Three Claude Code plugins for engineering workflows. Install one or all.

  • dev-team gives Claude Code a full persona-driven development team: an Orchestrator that routes tasks, specialist agents (engineer, QA, architect, reviewers…), skills that encode reusable knowledge, and the four-command feature workflow /specs → /plan → /build → /pr.
  • security-assessment is the security companion. It adds a deterministic-first /security-assessment pipeline (SAST + LLM judgment + FP-reduction + exec report), a /cross-repo-analysis command for multi-repo attack chains, and an adversarial ML red-team harness (/redteam-model) for self-owned model endpoints.
  • marketplace-dev is the plugin-author's toolkit. It scaffolds new plugins and marketplaces (/scaffold-plugin, /scaffold-marketplace, /init-plugin-eval), audits any plugin for structural compliance (/plugin-audit), advises on the markdown-vs-script agent decision (/agent-type-advisor), and ships the migrated agent/skill authoring toolkit (/agent-create, /agent-add, /agent-remove).

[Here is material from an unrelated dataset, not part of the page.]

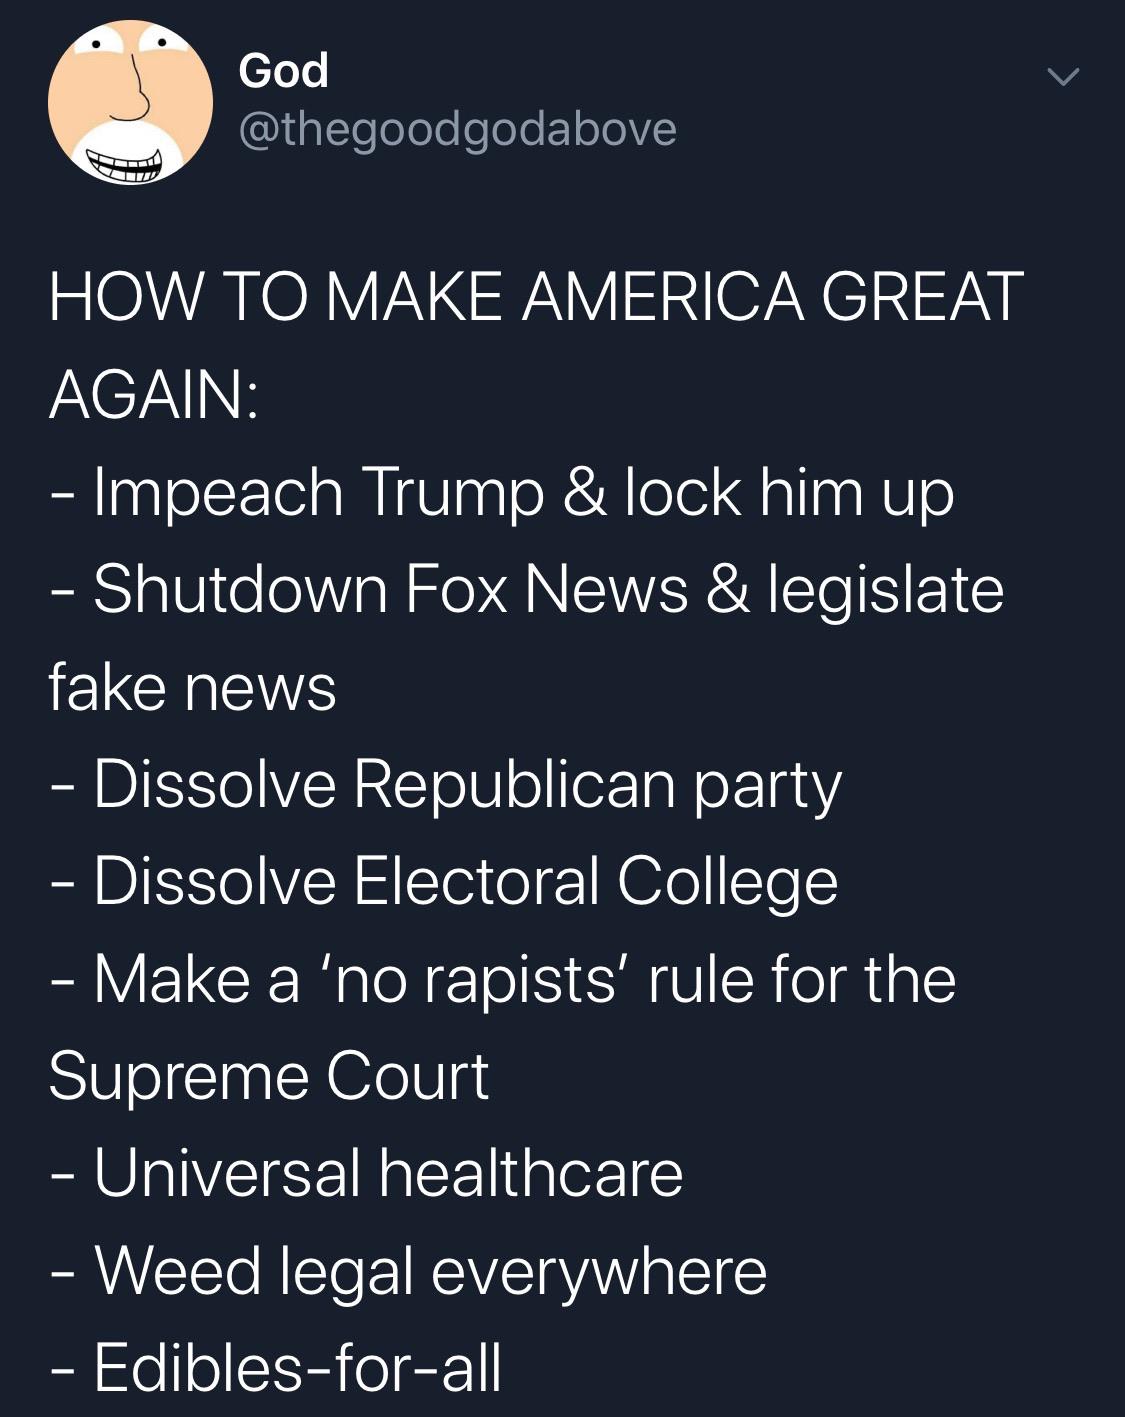 political political-memes political text: @thegoodgodabove HOW TO MAKE AMERICA GREAT - Impeach Trump & lock him up - Shutdown Fox News & legislate fake news - Dissolve Republican party - Dissolve Electoral College - Make a Ino rapists' rule for the Supreme Court - Universal healthcare — Weed legal everywhere - Edibles-for-all

dev-team is the hub: it owns the primitives contract (codebase-recon, ACCEPTED-RISKS.md, unified finding envelope) that security-assessment builds on, so install dev-team first and add security-assessment when you need it. marketplace-dev is independent — it has no hard runtime dependency on dev-team and can be installed on its own to build or maintain plugins.

Plugins

Plugin What it does Key commands Required tools Optional tools
dev-team Persona-driven development team, reviewer swarm, TDD-gated build loop /specs, /plan, /build, /pr, /code-review, /triage jq, gh semgrep, playwright, hadolint/trivy/grype; auto-detected formatters and test/type/lint runners
security-assessment Tool-first security assessment + red-team pipeline /security-assessment, /cross-repo-analysis, /redteam-model, /export-pdf dev-team, Python ≥ 3.10, tier-1 SAST (semgrep, gitleaks, trivy, hadolint, actionlint) grype, PDF-export deps
marketplace-dev Scaffold, audit, and maintain Claude Code plugins and marketplaces /scaffold-plugin, /scaffold-marketplace, /plugin-audit, /agent-type-advisor, /agent-create jq git

Plugin names link to each plugin's README (or, for marketplace-dev, its CLAUDE.md guide), where the full tool list and per-tool install commands live. Claude Code itself is assumed. First time here? Start with dev-team; add security-assessment only when you run full /security-assessment pipelines against target repos, and marketplace-dev when you're building or maintaining plugins.

Getting Started

New here? The Getting Started guide is the full walkthrough — installing each plugin, configuring a project, the day-to-day workflow, and the diagnostic commands.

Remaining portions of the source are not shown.